Nasce a marzo 2019 con l’intento di portare sul territorio un luogo fisico dove i pazienti possano farsi prescrivere cannabis ed avere a disposizione medici che già da anni curano i malati con questa pianta. L’obbiettivo è permettere ai pazienti di trovare personale specializzato e così ottenere le terapie più adatte fin dal primo momento, appena riscontrata la patologia, cosa che al momento negli ospedali non avviene. All’interno degli ospedali infatti, la cannabis non è certamente una priorità e viene prescritta spesso con sottodosaggi e mai come primo farmaco. Il paziente deve insistere per ottenerla e per averla con dosaggi appropriati. Qui da noi invece è il contrario, non abbiamo un piano terapeutico obbligatorio da redigere, come in struttura ospedaliera, ma lavoriamo con un sistema personalizzato sul paziente. Il nostro scopo è quello di portare a conoscenza dell’opinione pubblica che la cannabis terapeutica può essere assunta per qualsiasi patologia , dalle malattie più gravi, fino allo stress e all’insonnia.

SSIT: Quali servizi offrite ai pazienti? Di chi si compone il vostro personale?

Siamo uno studio professionale e offriamo servizio visita, consulenza, ascolto e prescrizione. Qui curiamo i sintomi, ascoltiamo i pazienti e in quanto specialisti nella cannabis non abbiamo remore nella prescrizione. Nel centro collaborano una psicologa, un fisioterapista e tre medici generici. In aggiunta offriamo anche il servizio di reperimento del prodotto, nel senso che andiamo noi in farmacia e spieghiamo successivamente al paziente come assumerlo.

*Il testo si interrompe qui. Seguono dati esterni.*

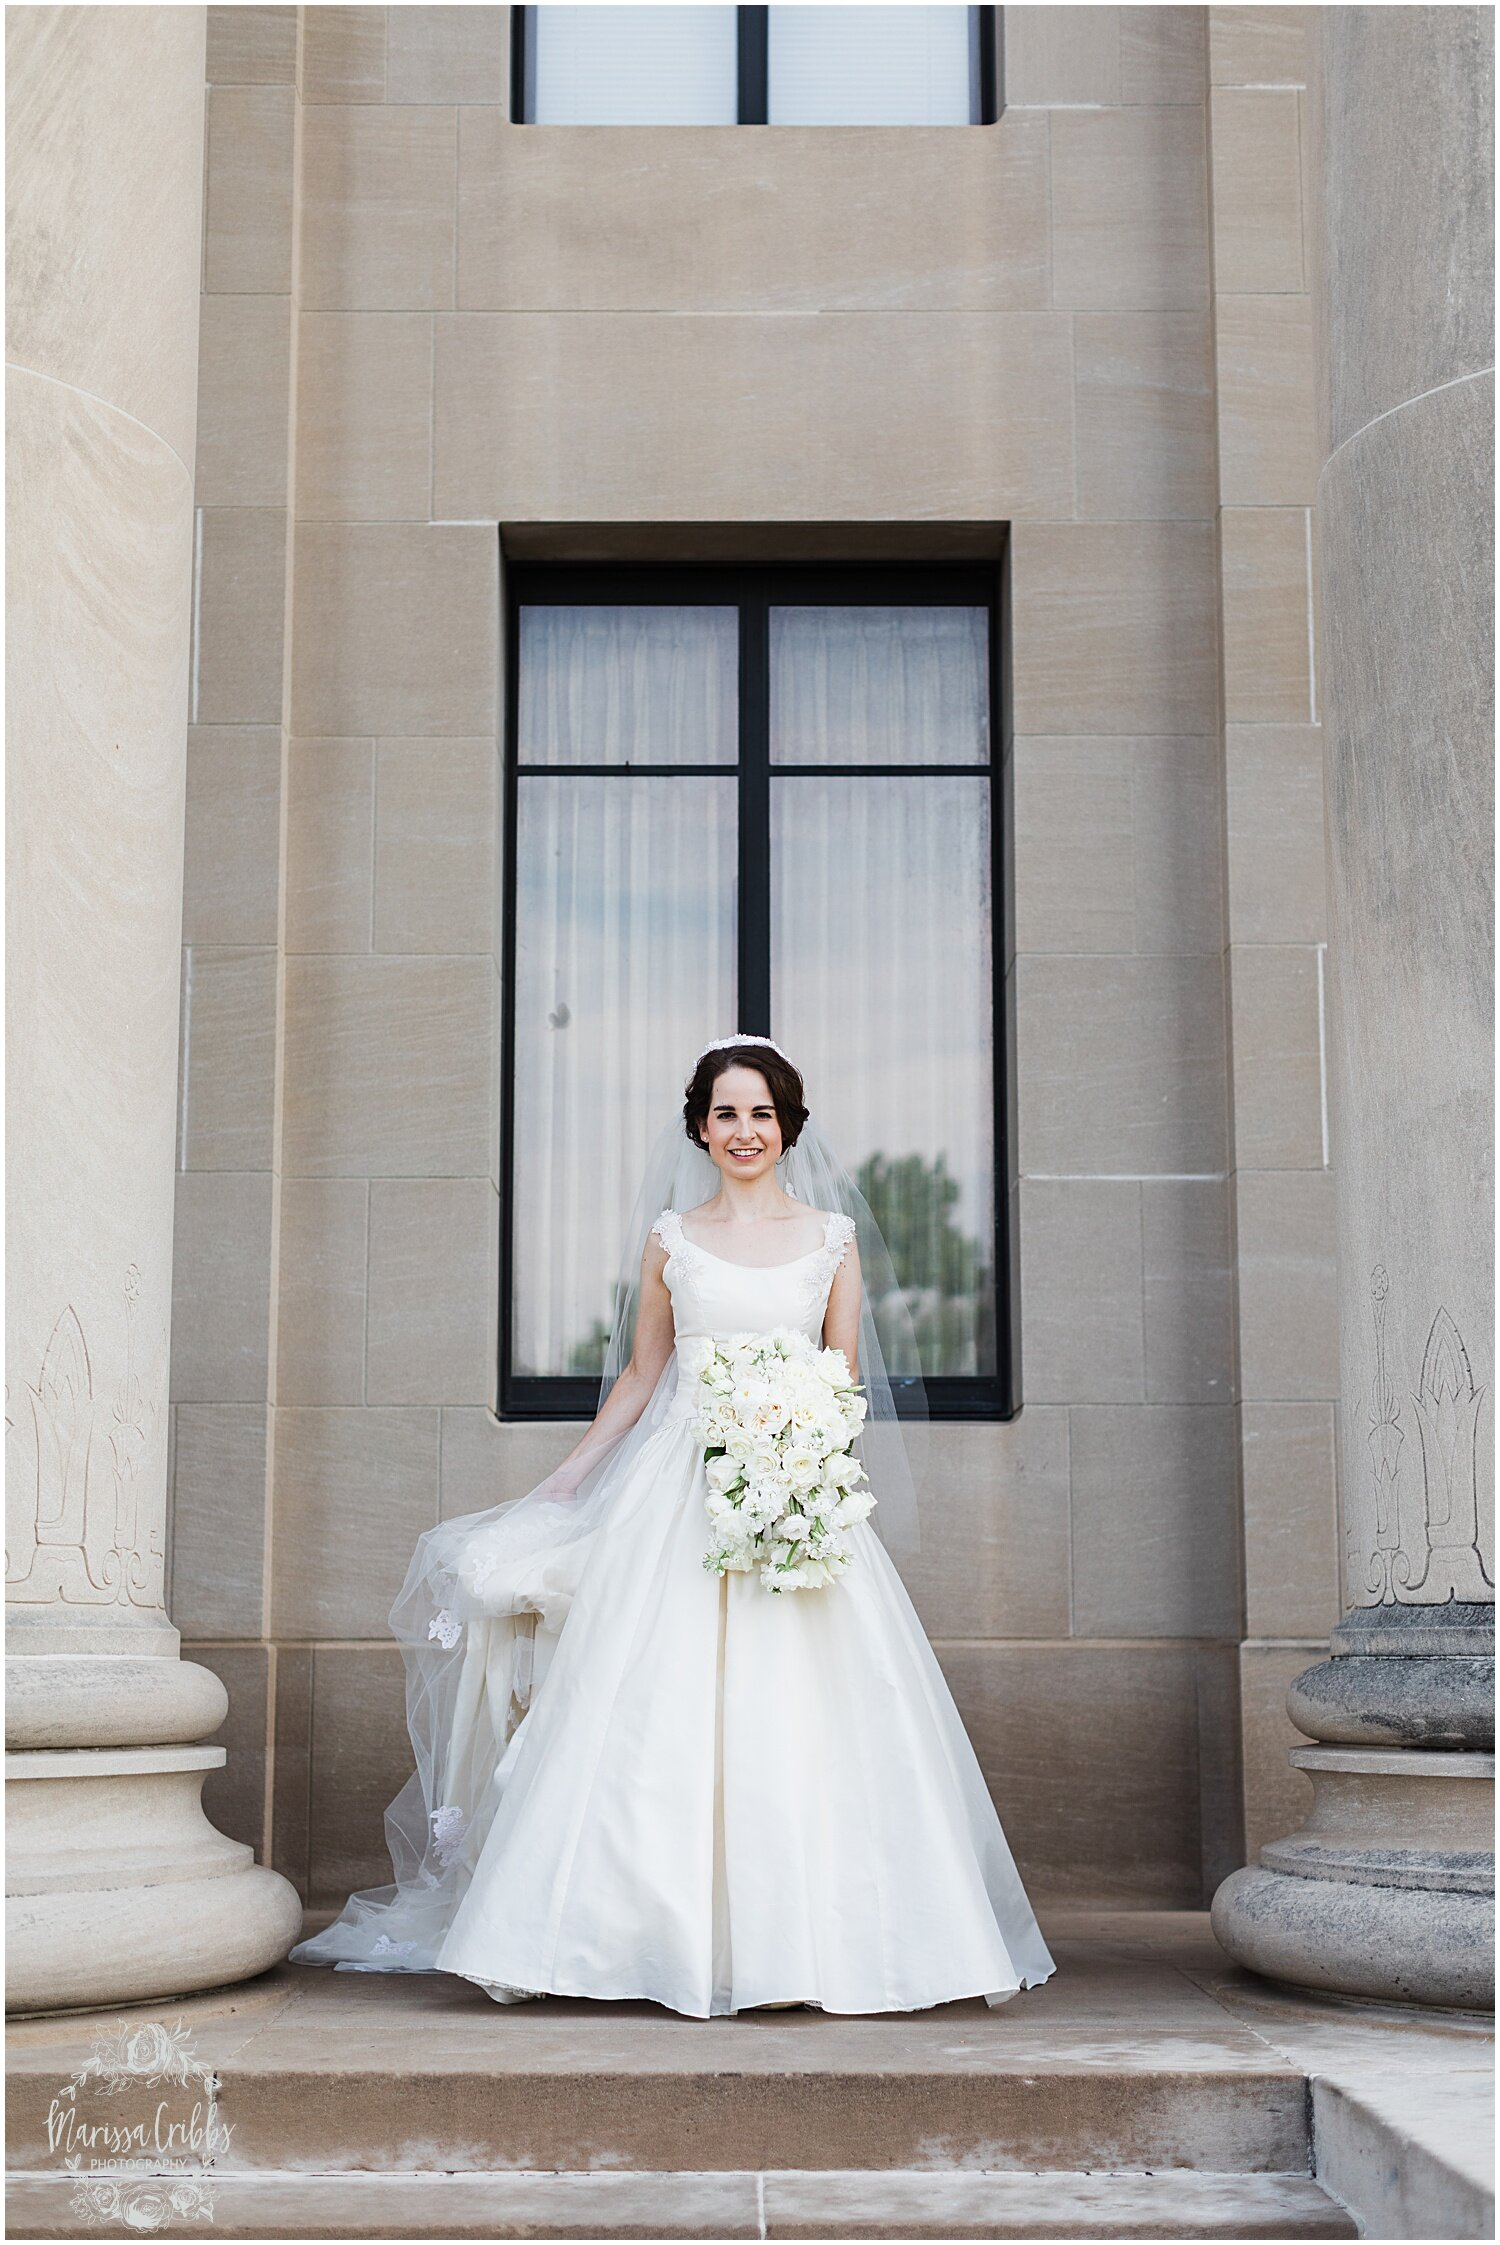 TYLER & CAROLINE MARRIED BLOG | MARISSA CRIBBS PHOTOGRAPHY | THE CARRIAGE CLUB | KANSAS CITY WEDDING PHOTOS_9248.jpg

SSIT: Al momento quanti pazienti seguite?

Circa 200 pazienti con ogni tipo di patologia che va dalla fibromialgia, all’Alzhaimer, al dolore cronico, autismo o epilessia.

SSIT: I medici lavorano a tempo pieno per il centro? Come si può prendere un appuntamento?

Tutti i medici del centro hanno altre attività. L’appuntamento è preso tramite prenotazione, dato il numero di medici che collabora con noi riusciamo a garantire comunque un servizio praticamente continuo.

SSIT: Avete relazioni con l’ASL e con la Sanità regionale?

Le nostre ricette passano tutte dall’ASL perché le farmacie sono obbligate a trasmettere. Siamo medici privati che prescrivono su ricetta bianca, ma indirizziamo anche i pazienti che hanno diritto alla cannabis rimborsata dalla Regione a far riferimento a una terapia del dolore per il piano terapeutico e istruiamo poi il medico generico per le ricette successive. Alcuni medici, infatti, stanno mandando i pazienti al nostro centro proprio per “capire” cosa devono prescrivere.

SSIT: Chi sono i pazienti che vengono qui da voi?

Penso a una ragazza milanese di 44 anni, che soffre di fibromialgia e altre patologie croniche riconosciute dal servizio sanitario nazionale, che grazie alla prescrizione ricevuta presso il Center oggi ha ripreso l’attività professionale, mentre in precedenza era allettata per la maggior parte della giornata. Oppure un ragazzo paraplegico che venne da noi in carrozza con piaghe da decubito e un quadro clinico molto grave e che grazie alla cannabis è riuscito a contenere tutti i problemi legati alla sua condizione. Oppure una ragazza epilettica refrattaria di venti anni che è passata da 1 crisi al giorno a 1 crisi al mese, una ragazza alla quale la cannabis ha cambiato la vita. Un altro caso eclatante è quello di un signore di 60 anni coperto su tutto il corpo di psioriasi che soffriva di artrite psioriasica e porocheratosi Mibelli, questa persona adesso consuma estratto di Bediol e vaporizza il Bedrocan, le lesioni precancerose sono sparite ed anche la psioriasi è andata via, tanto che è tornato ad andare in piscina.

SSIT: È mai capitato che un paziente venuto da voi per ricevere una prescrizione non l’abbia avuta? Per quale motivo?

Stiamo molto attenti alle prescrizioni per disordini mentali, come pazienti schizofrenici o bipolari.

SSIT: Che prospettive avete per il futuro?

Ci piacerebbe che iniziative come la nostra venissero incentivate, invece di mettere i bastoni fra le ruote. Come Cannabis Medical Center comunque vorremmo essere presi come punto di riferimento per la creazione di una rete di medici realmente specializzati nella cura del malato con questo medicamento.